The lines to return run from the one containing "Blackpinkofficial Music Show" through the end of the material; give them exactly and leave out the pictures.

+++ Data segment

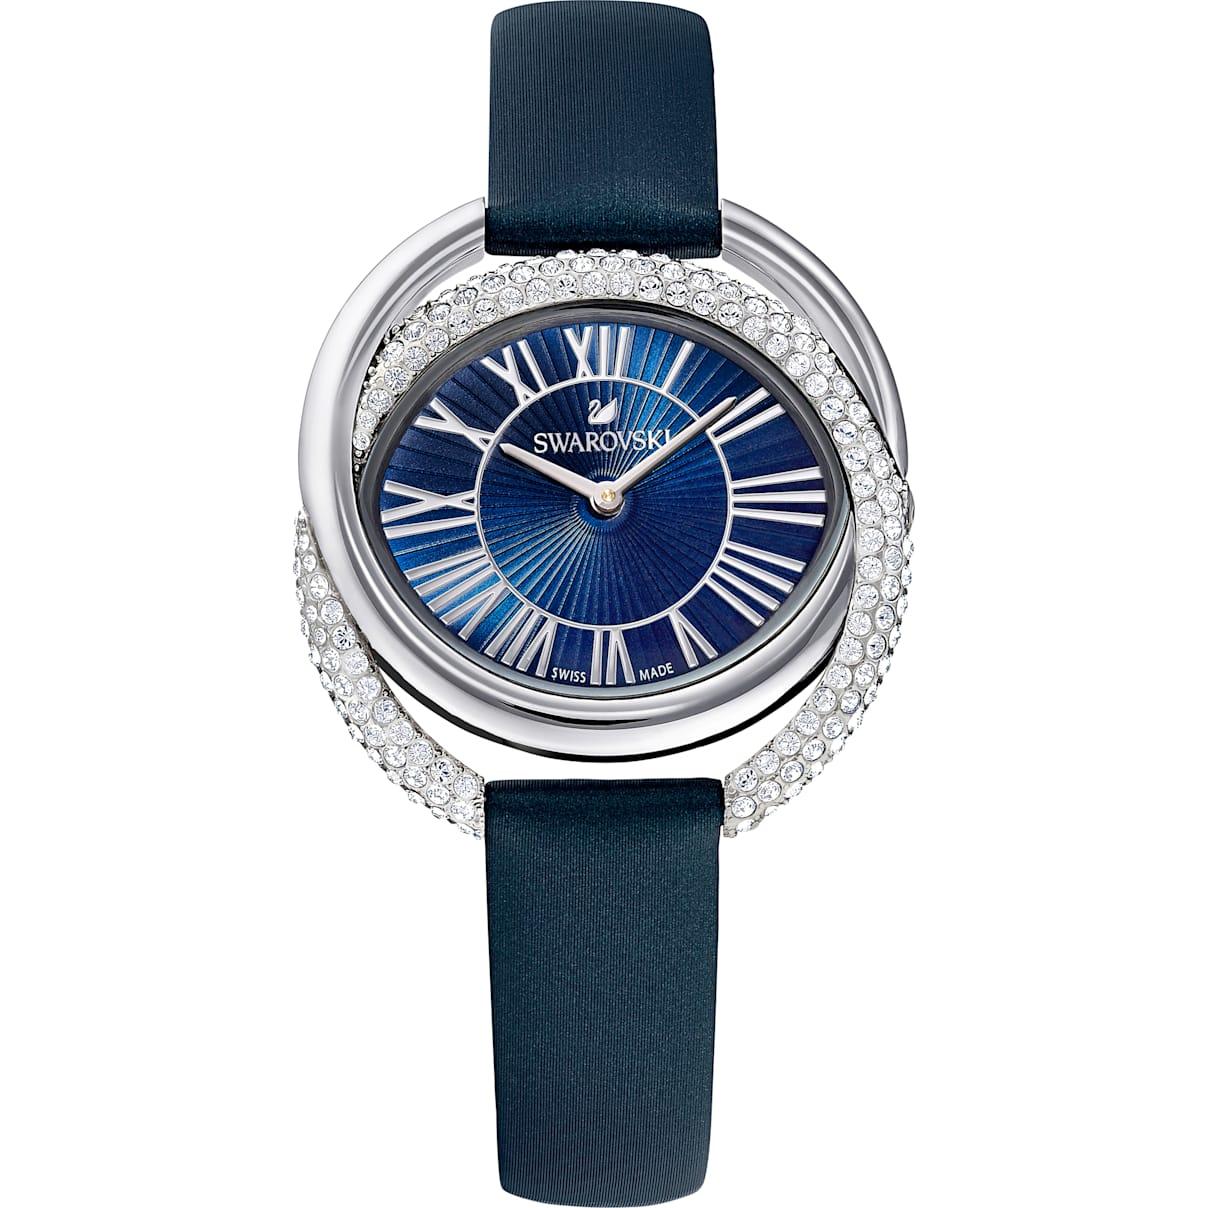 Swarovski Duo Watch, Leather Strap, Blue, Stainless Steel
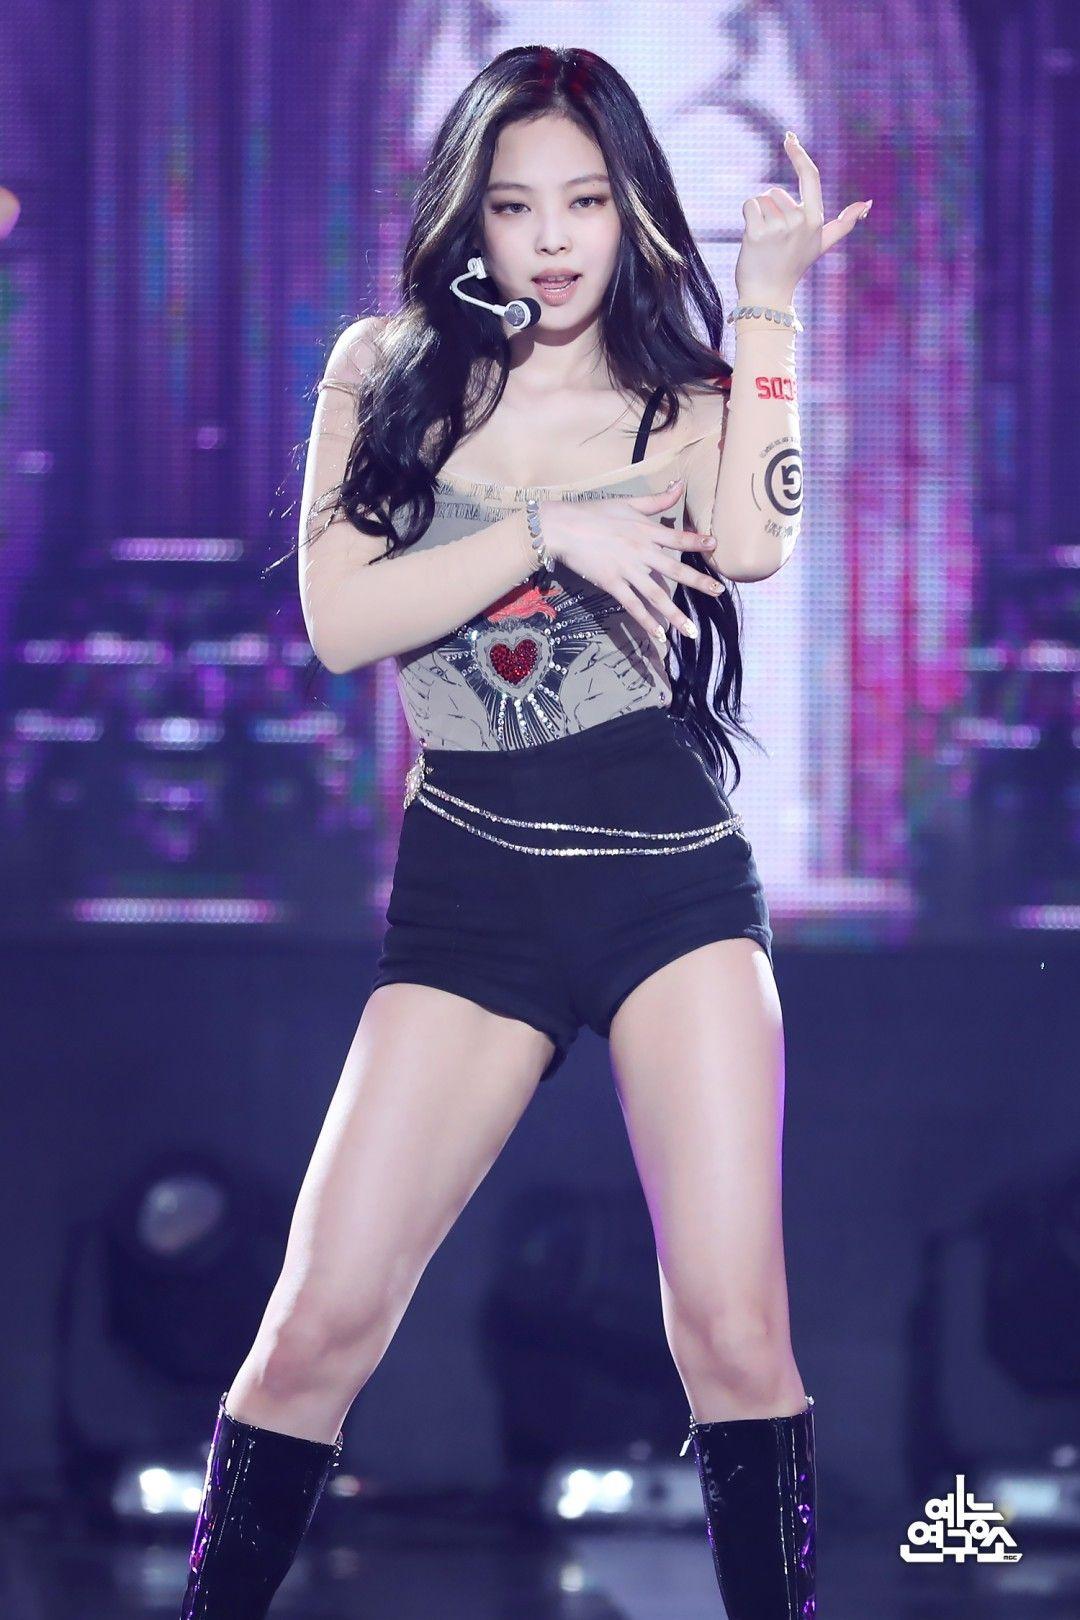 Blackpinkofficial Music Show 200718 Jennie Show Music Core Blackpink Fashion Blackpink Jennie Blackpink
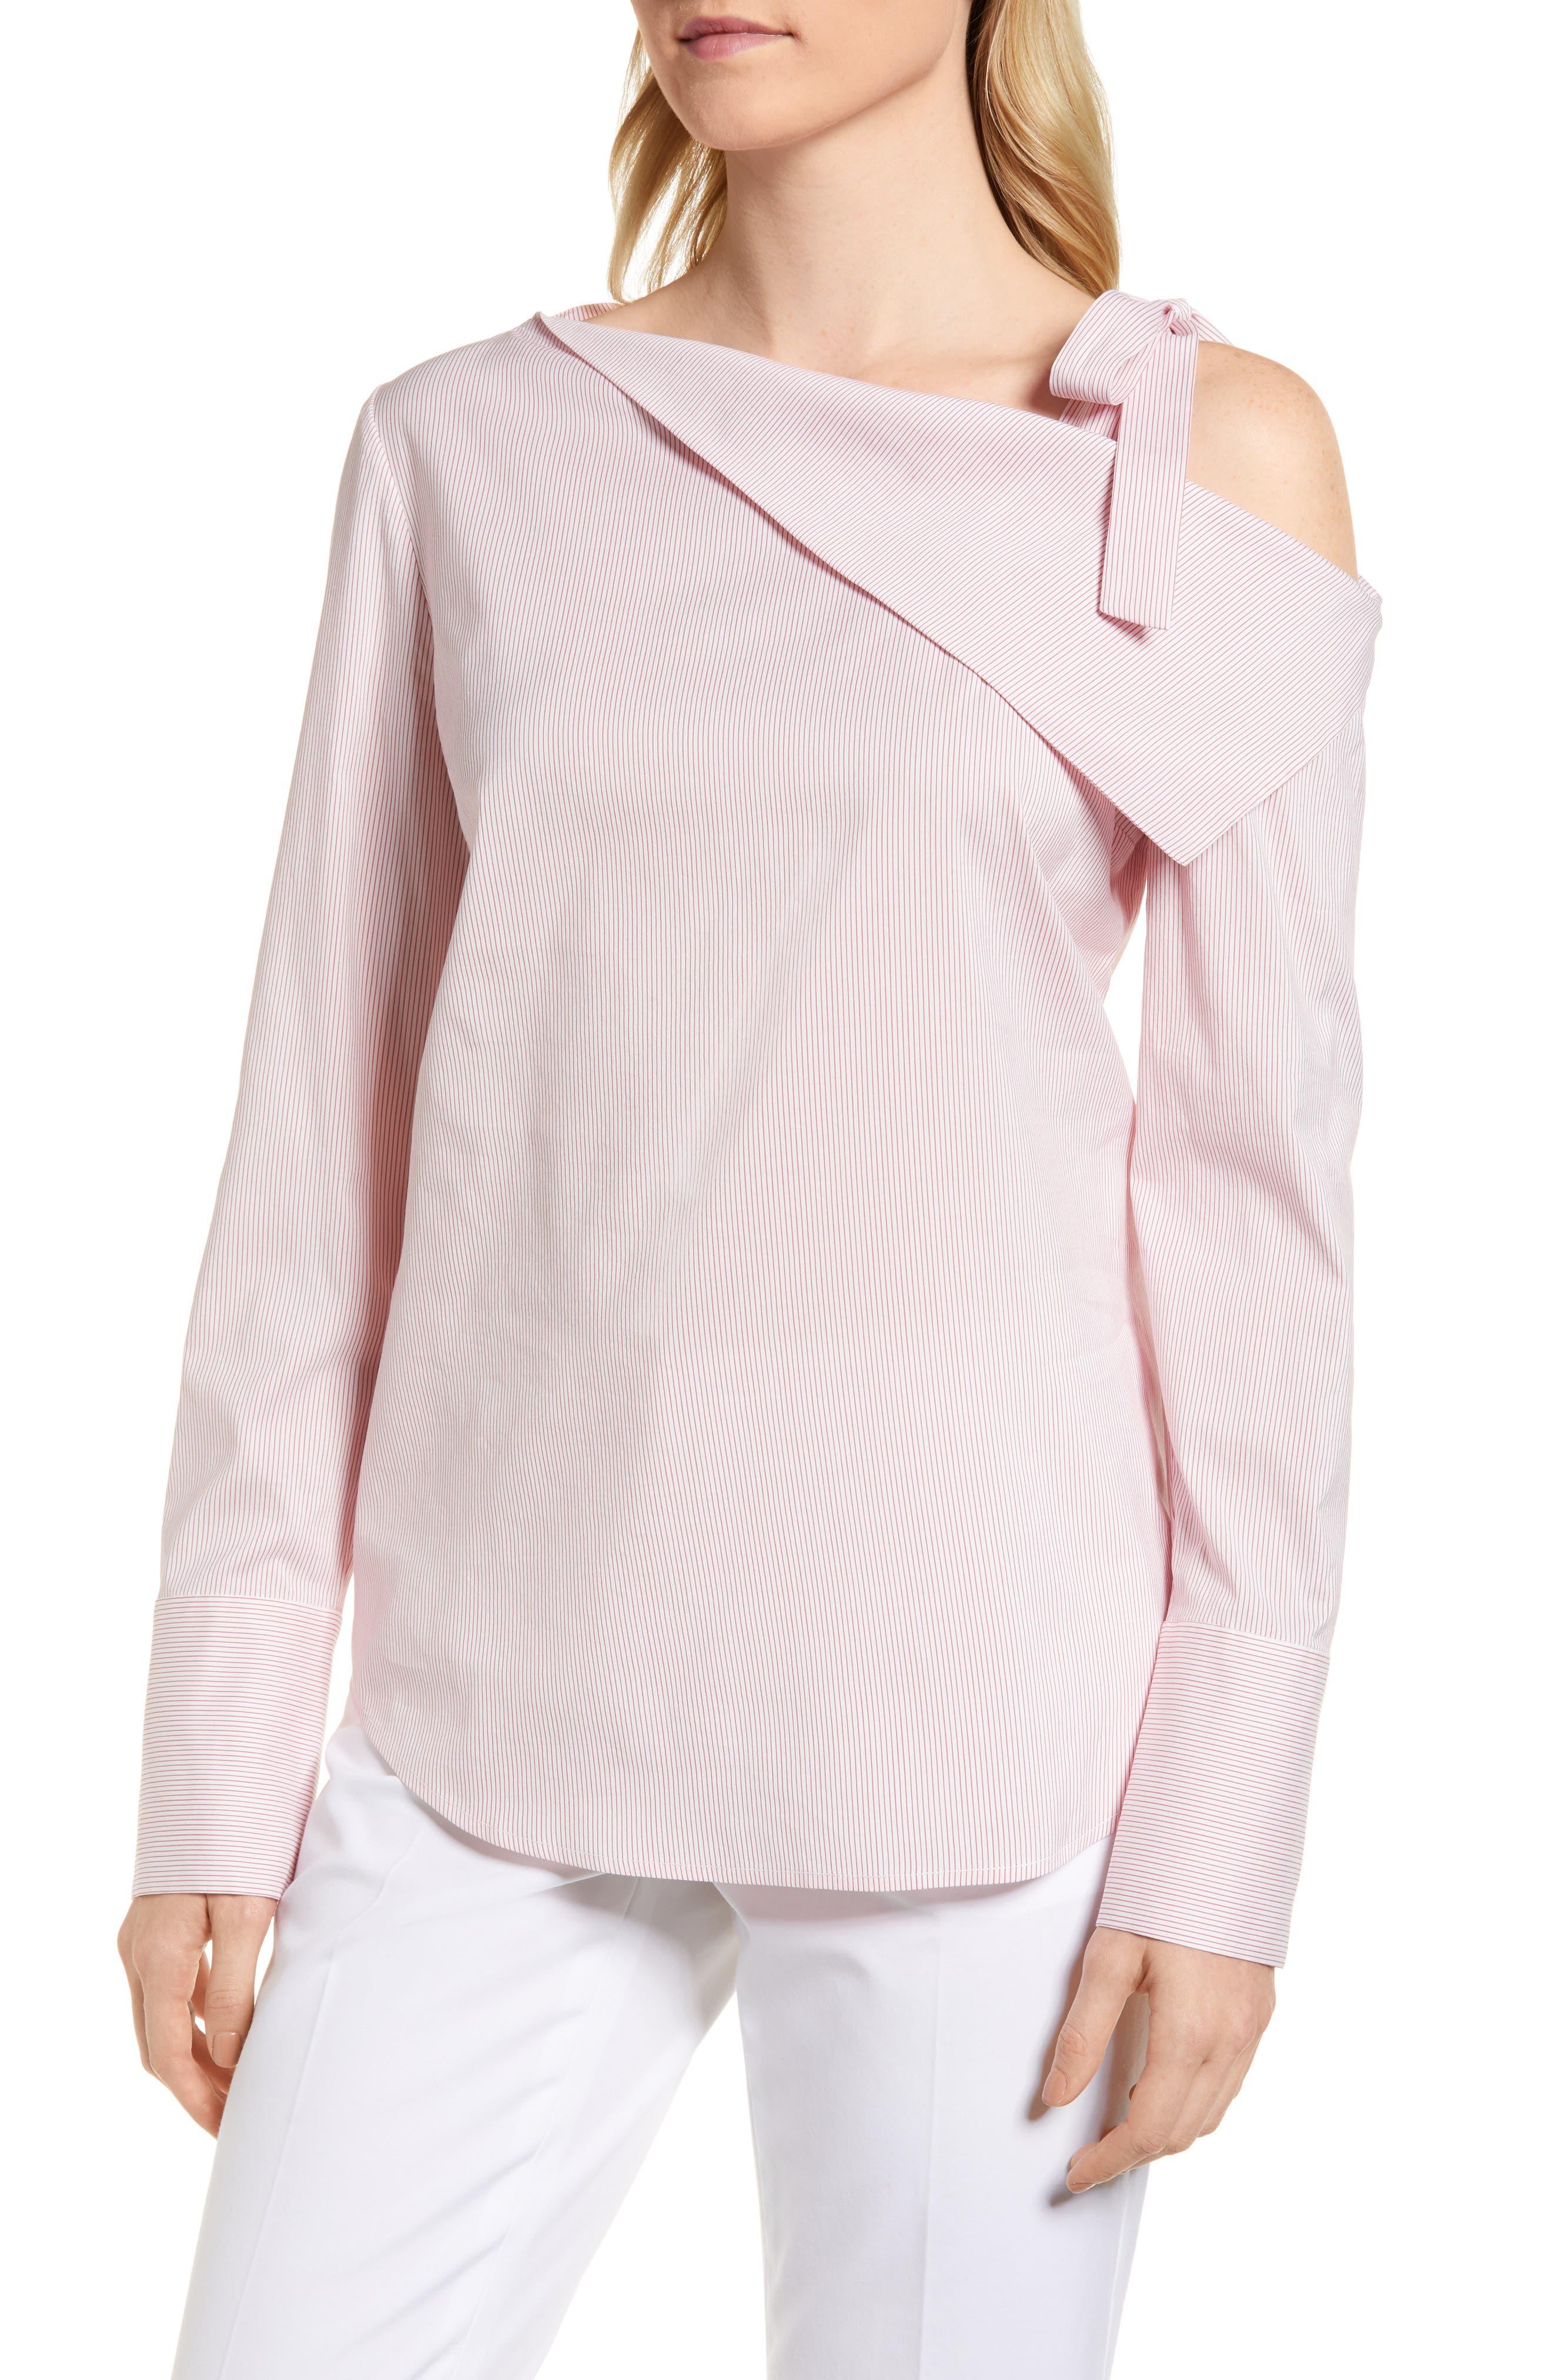 One-Shoulder Shirt,                             Main thumbnail 1, color,                             Pink Honey Chic Stripe

++++++

## Task result:
 Blackpinkofficial Music Show 200718 Jennie Show Music Core Blackpink Fashion Blackpink Jennie Blackpink
 One-Shoulder Shirt,                             Main thumbnail 1, color,                             Pink Honey Chic Stripe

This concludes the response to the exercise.